Keeping personal boundaries at work is similar to maintaining a healthy sense of life all around. Generally, work should not be the main focus of your waking life. Having hobbies and activities outside of work can help keep your priorities in frame, as well as ward off mental stressors and burnout. It's fine to have work friends, and seeing them occasionally outside of work is great too.
However, a culture that suggests if you don’t join the group after-hours you will not advance is hardly inclusive. Unless you genuinely want to spend more time with your co-workers, there is absolutely no reason to push yourself to do so. Otherwise, stressors from work will follow you home, which can make it feel like you can never unplug. Such a feeling is an indication that you may need to reevaluate how large a role work plays in your day-to-day life.

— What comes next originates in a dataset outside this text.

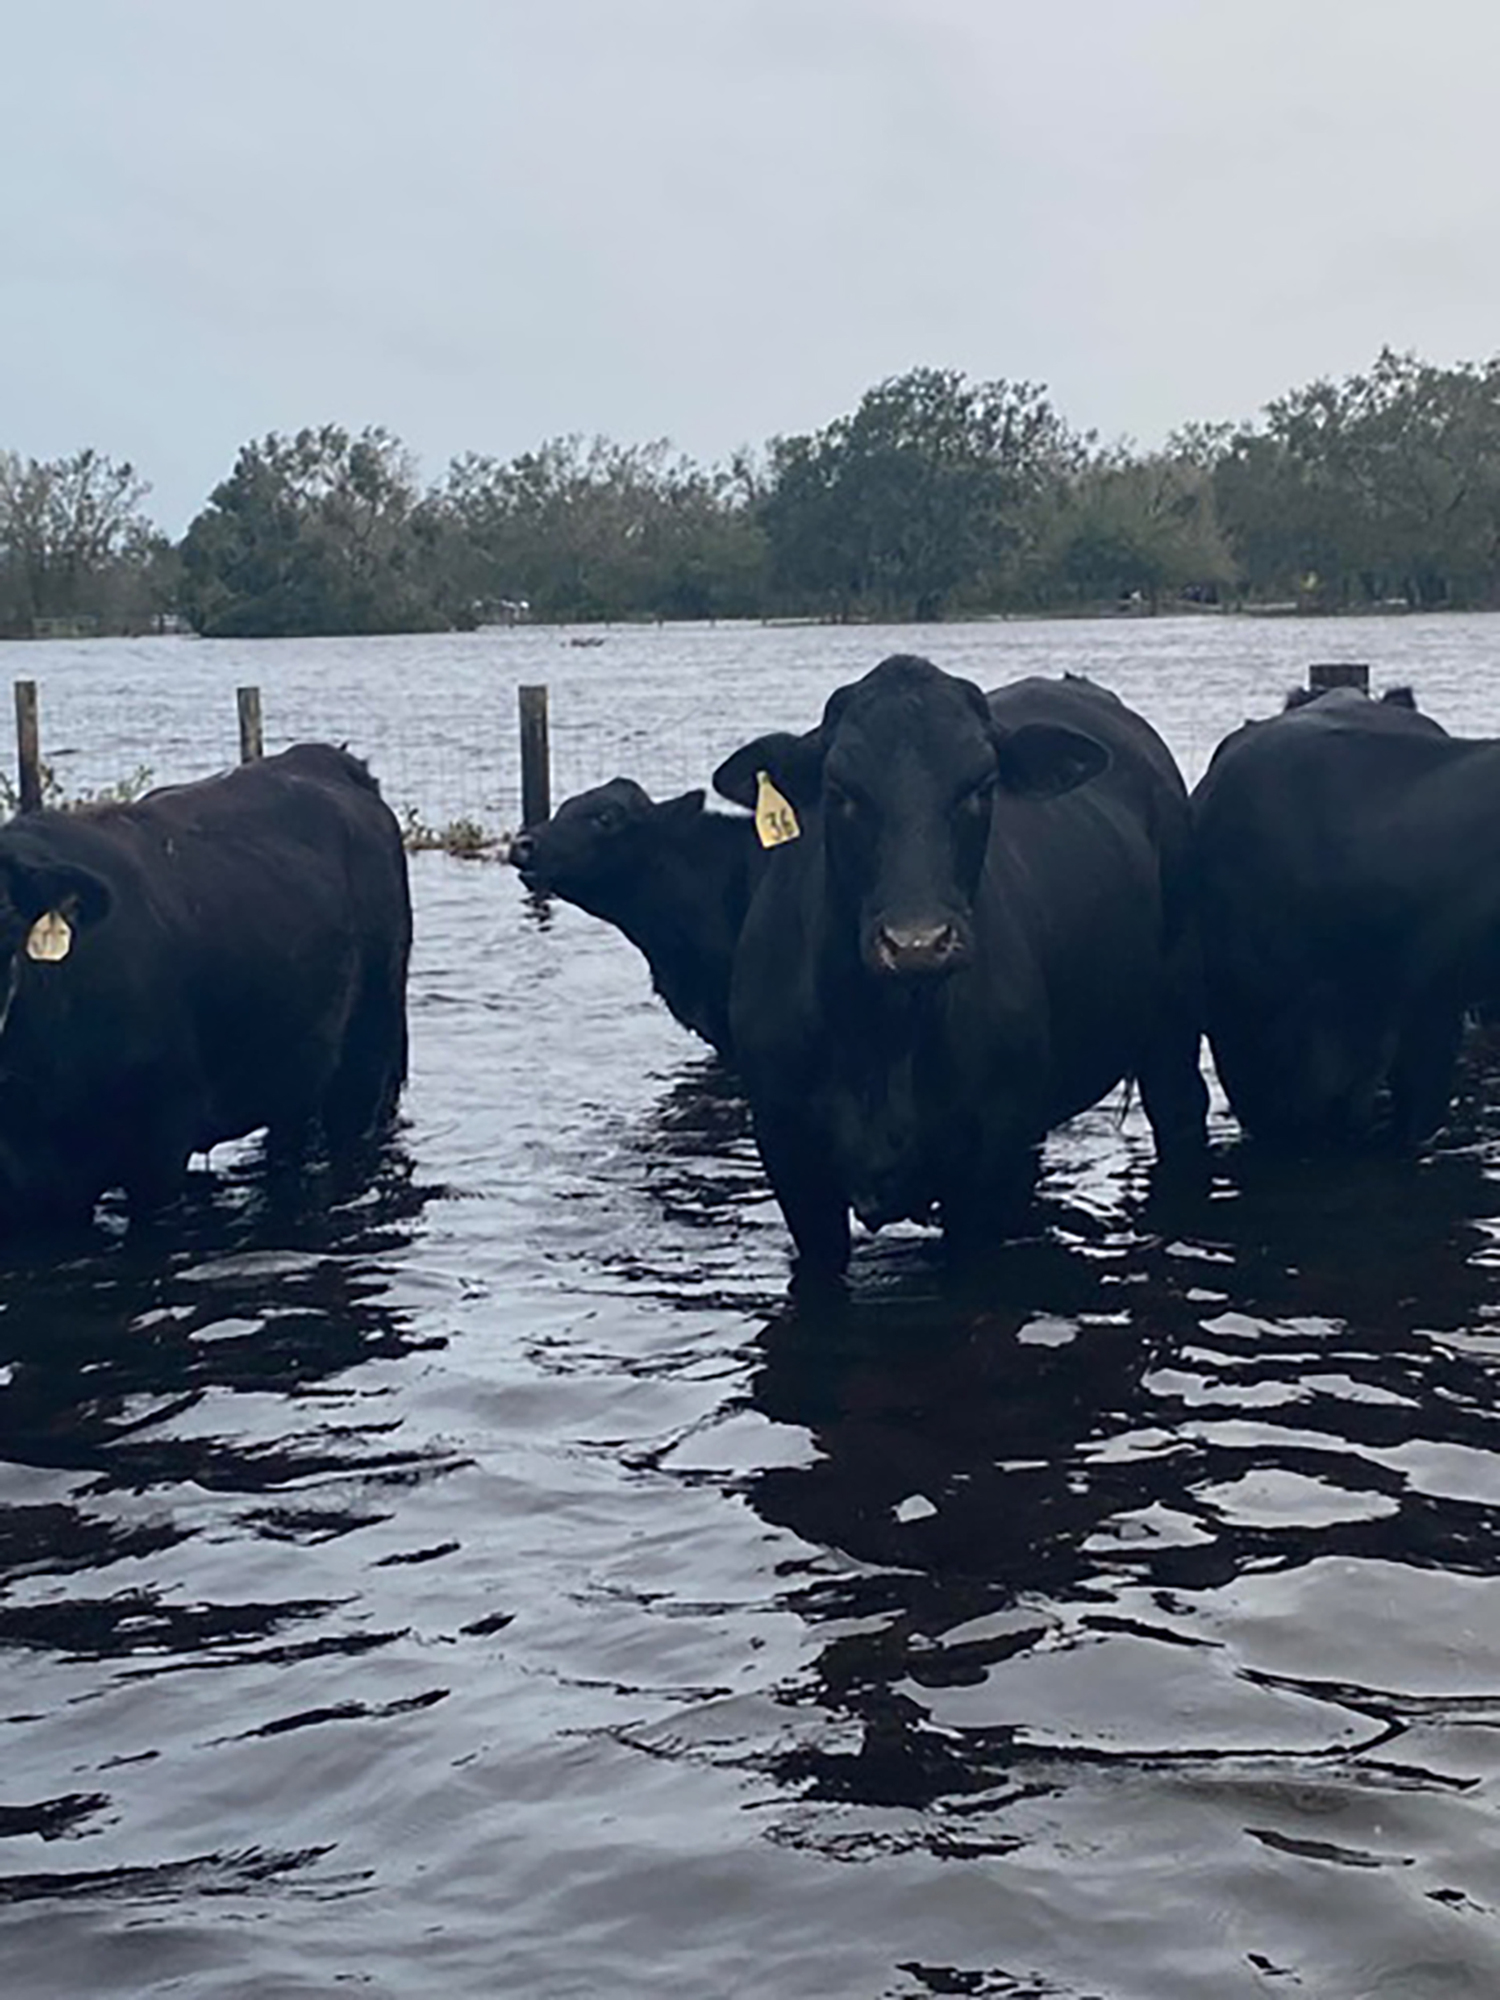 The cows at Rose and Clyde Alstrom's property in Myakka City wade through water that overflowed from the Myakka River. (Courtesy photo)

Professional boundaries can be summed up as: What is tolerated becomes what is accepted. Little things about how a company operates can drop hints about the culture as a whole. Things like: do people routinely show up late to meetings, do teams follow through on tasks, is overtime a common expectation?
Be mindful of how the company compensates and rewards individuals. Are those that go above and beyond fairly compensated (in terms of money, career advancement, better access to opportunities etc.), or do they simply inherit greater responsibility to cover for short performers, for example.

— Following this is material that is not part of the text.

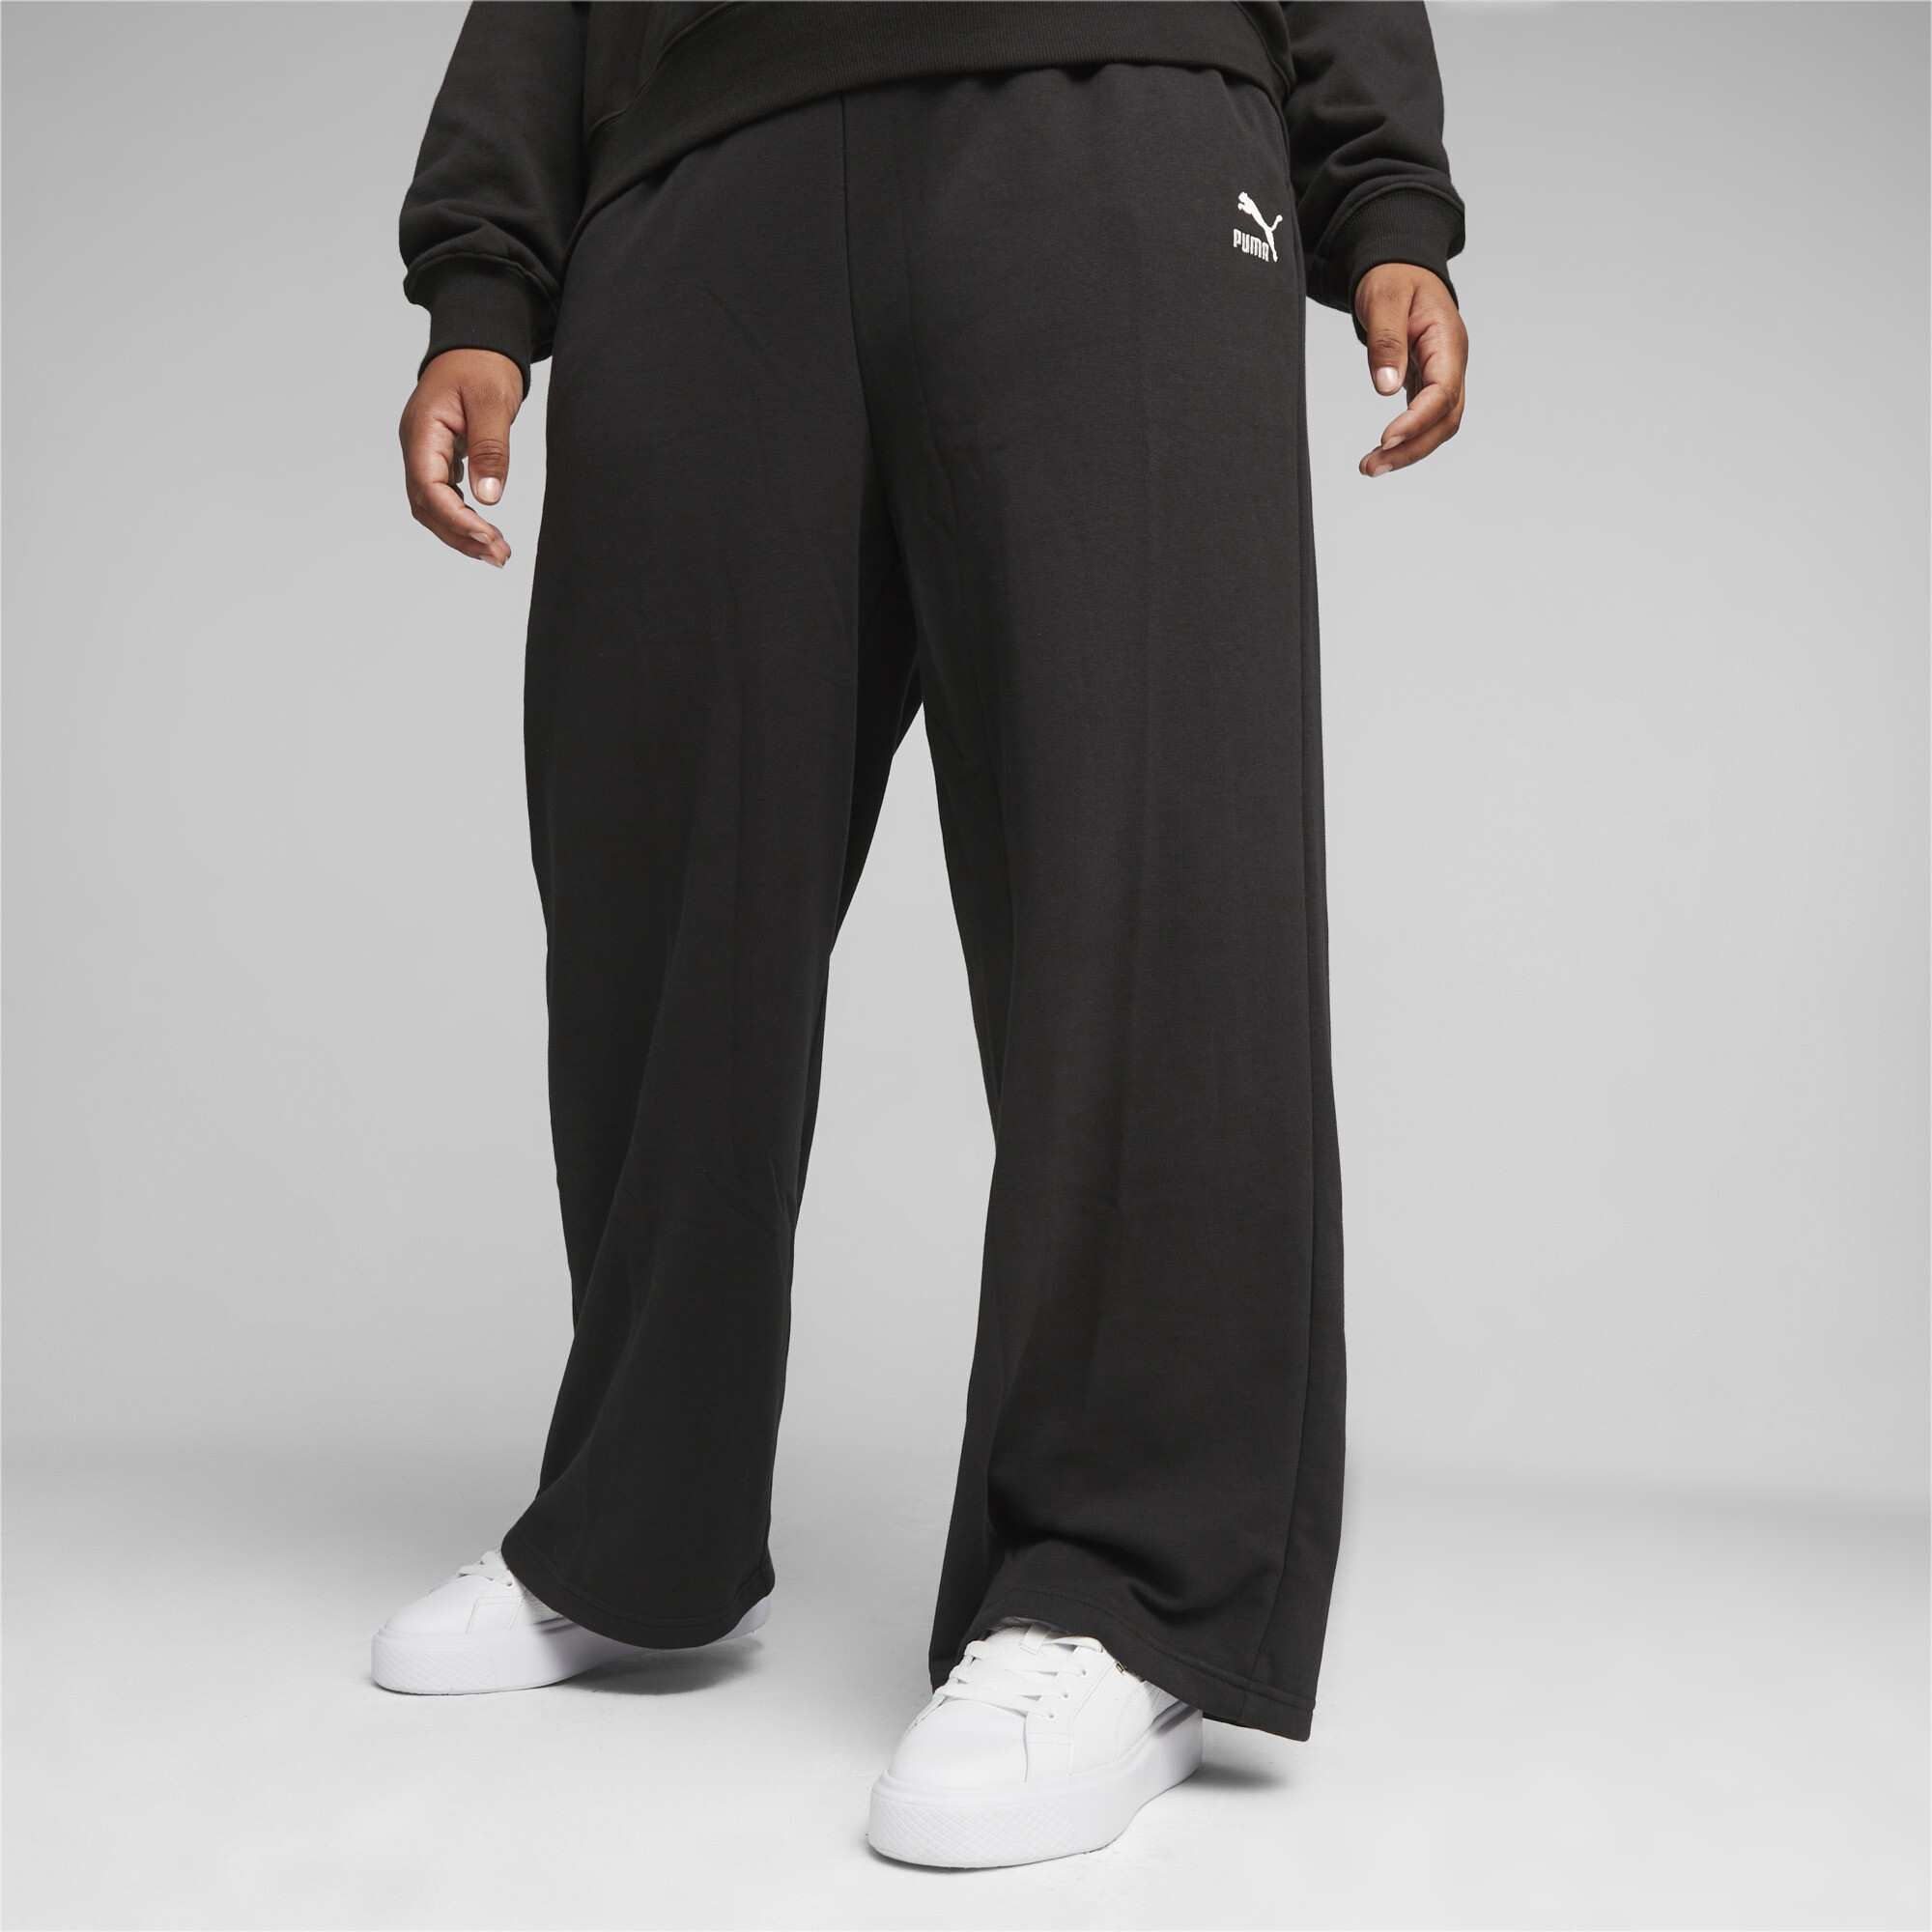 Women's PUMA CLASSICS Relaxed Sweatpants In Black, Size Large

Know that your hard work and extra effort may be rewarded at a later date, or perhaps not at all. Some bosses push you to be your best, while others will just try to see what all they can push off onto you. Keep tabs on your mental health, and don’t run the risk of burnout for a payoff that may never come. Have discussions with your boss to ensure you are clear on expectations, both so that your performance can be fairly framed, and you give yourself the best chance to succeed. Afterall, the success of a company is tied to the successes of its employees.
This article has been edited for length and clarity. The opinions expressed in this article are the author's own and do not necessarily reflect the view of their employer or the American Chemical Society.